Understanding of the non-restoring square root algorithm

There is some mess in this pseudocode, but if we look to the article Modular array structure for non-restoring square root circuit by S. Samavi, A. Sadrabadi, A. Fanian which was used as the main idea for design, we can find the following pseudocode:

algorithm Non-restoring square root is input: 2n-bit operand X output: n-bit quotient Q, n-bit remainder R Step 1: R_0 = 0.x_1x_2; F_0 = 0.01; i = 1; Step 2: R_1 = R_0 - F_0; Step 3: If (R_i < 0) then (q_i ← 0; R_i ← R_i.x_{2i+1}x_{2i+2}; F_i ← 0.0...0q_1q_2...q_i11; R_{i+1} ← R_i + F_i;) Else (q_i ← 1; R_i ← R_i.x_{2i+1}x_{2i+2}; F_i ← 0.0...0q_1q_2...q_i01; R_{i+1} ← R_i - F_i;) Step 4: i ← i + 1; Step 5: If (i ≤ n) then (go to step 3) Else (Q = 0.q_1q_2q_3...q_n); End; 

The essential difference is that negative number is converted to the complement representation for output only.
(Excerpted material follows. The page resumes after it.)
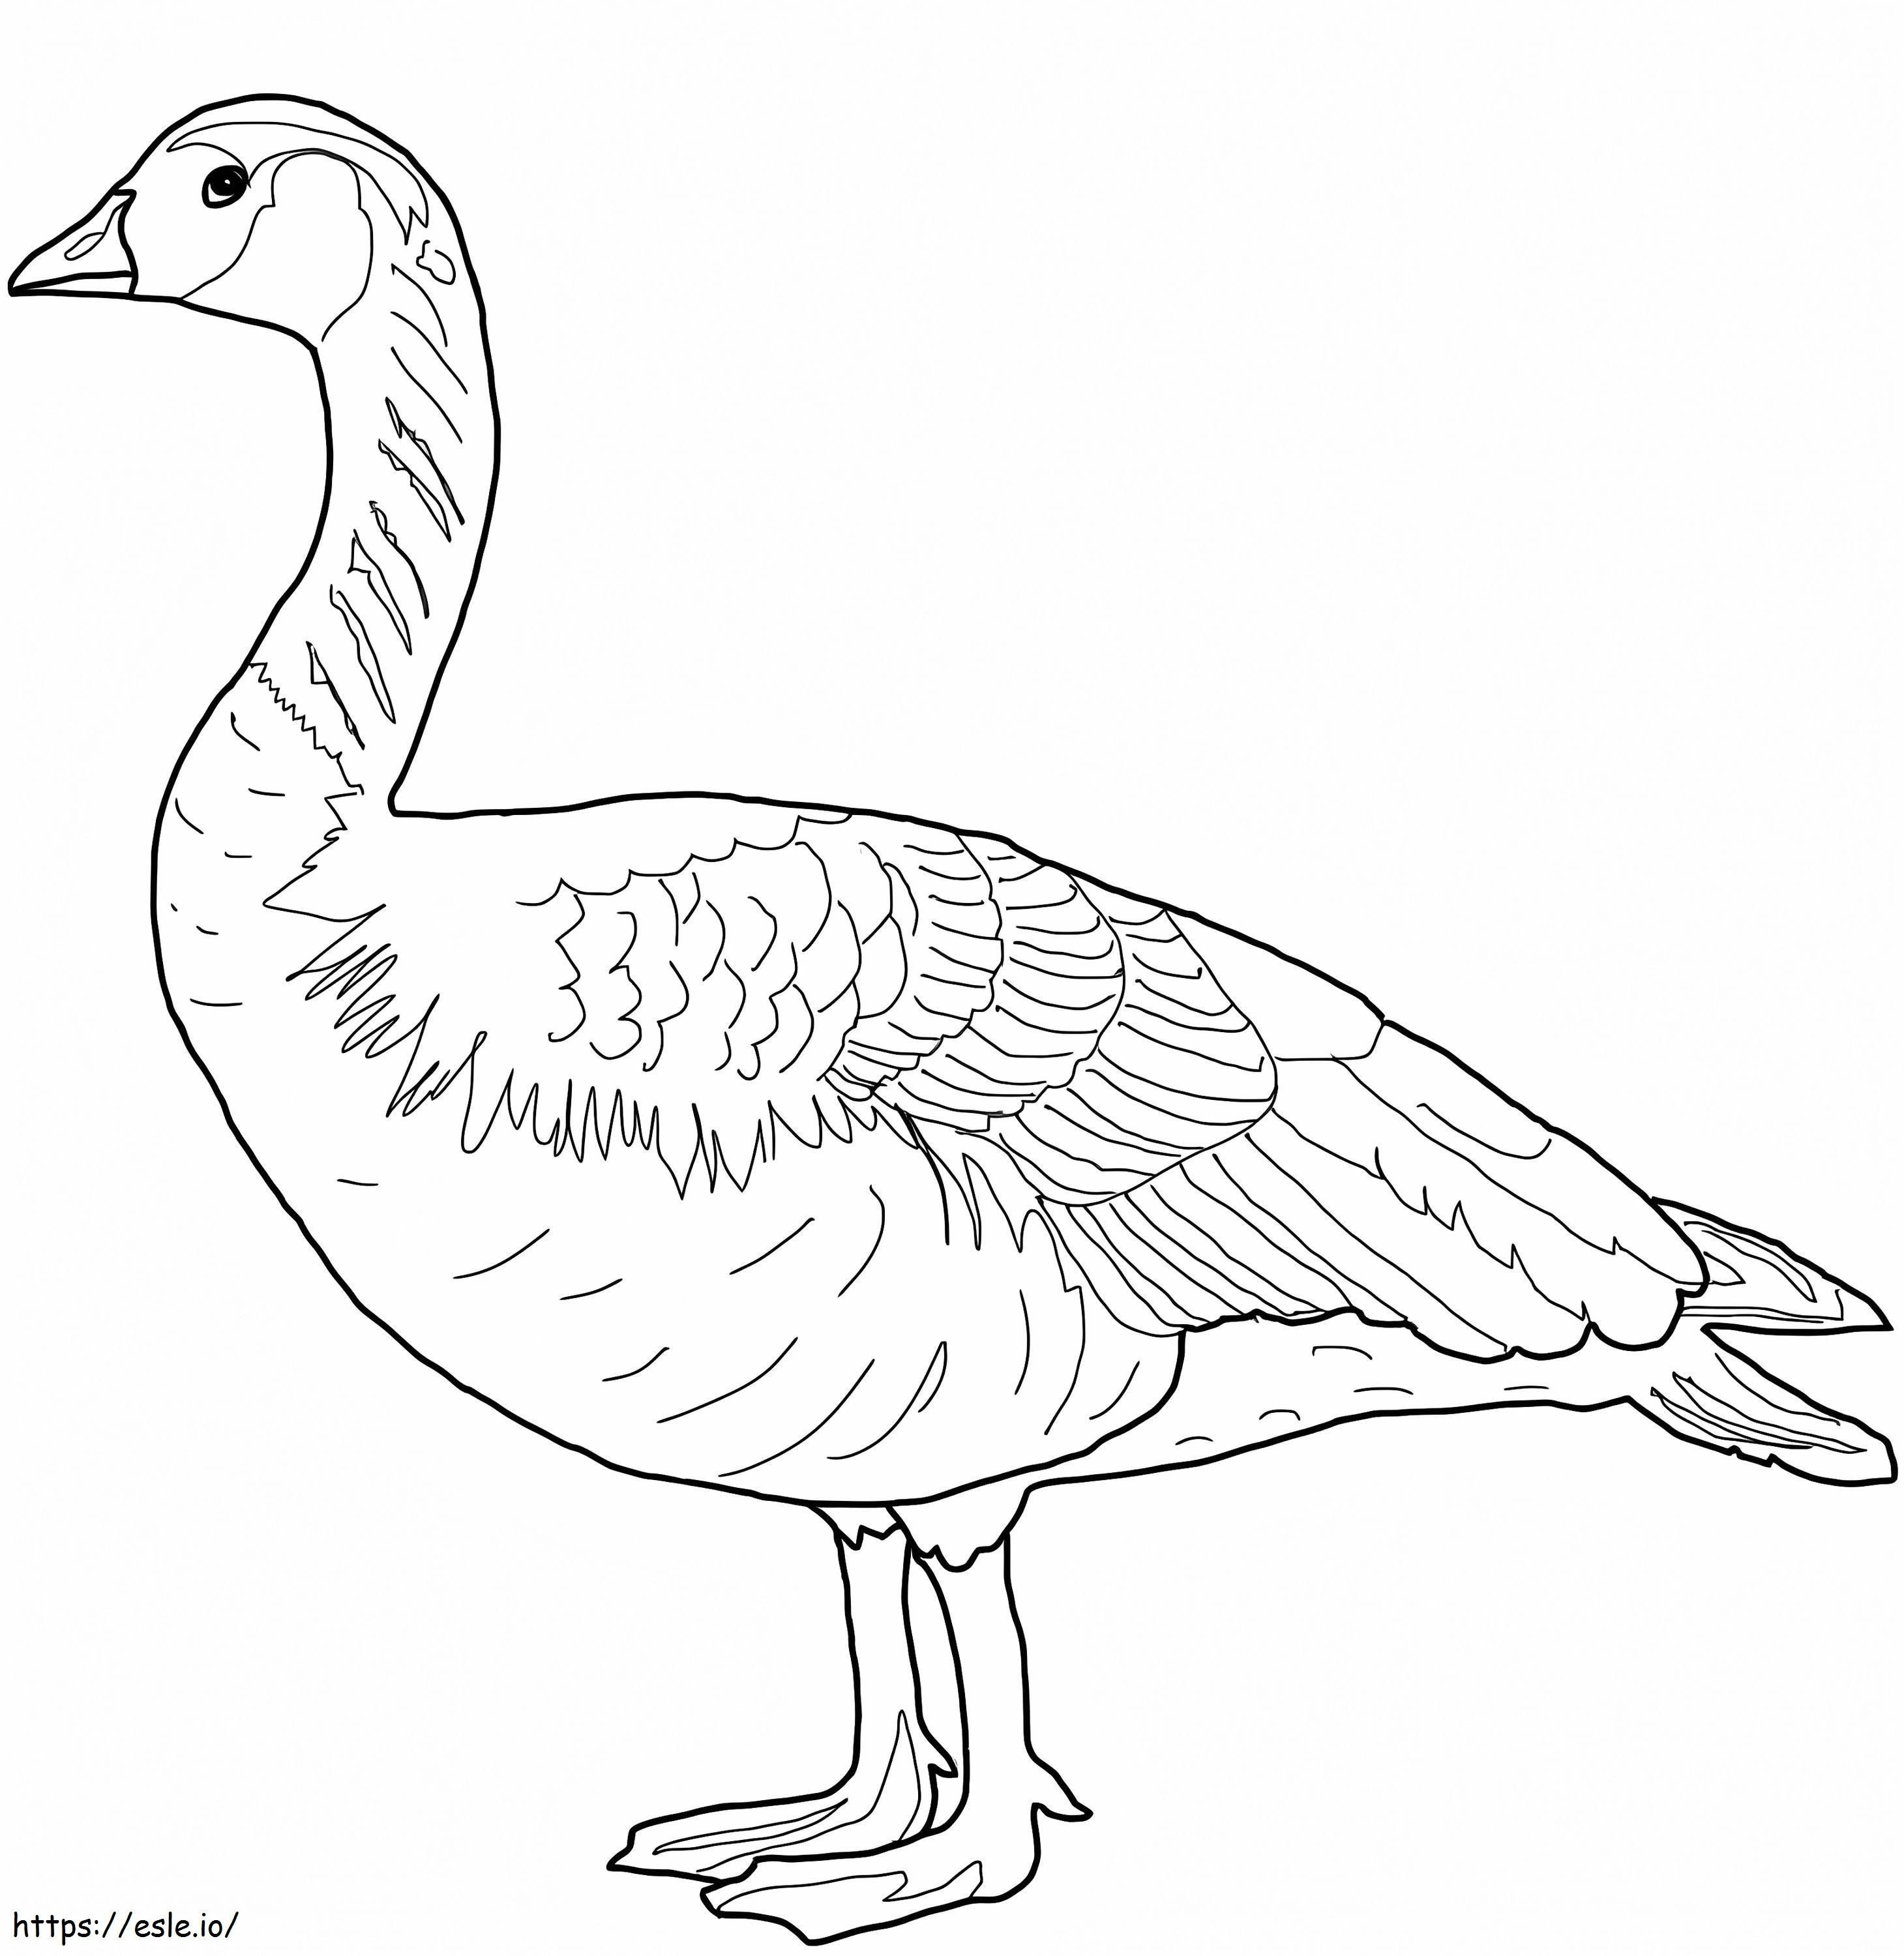 Canada Wild Goose coloring page

Intermediate negative value of $R_i$ is thought as minus sign and a positive value. That's why appending digits $x_{2i + 1}x_{2i + 2}$ to negative $R_i$ is equivalent to subtraction of $\overline{x_{2i + 1}x_{2i + 2}} \cdot 2^{-2i - 2}$ from $R_i$. In the way you understand the article you cite appending these digits is equivalent to addition of the same value, that doesn't seem to be correct.

Also it's a typo that the line 26 has $01$ at the end instead of $11$. However it is correct that for $n = 4$ there should $2$ leading zeroes. Try numbers with multiple $1$ digits in the square root to see that your "fix" doesn't work in general.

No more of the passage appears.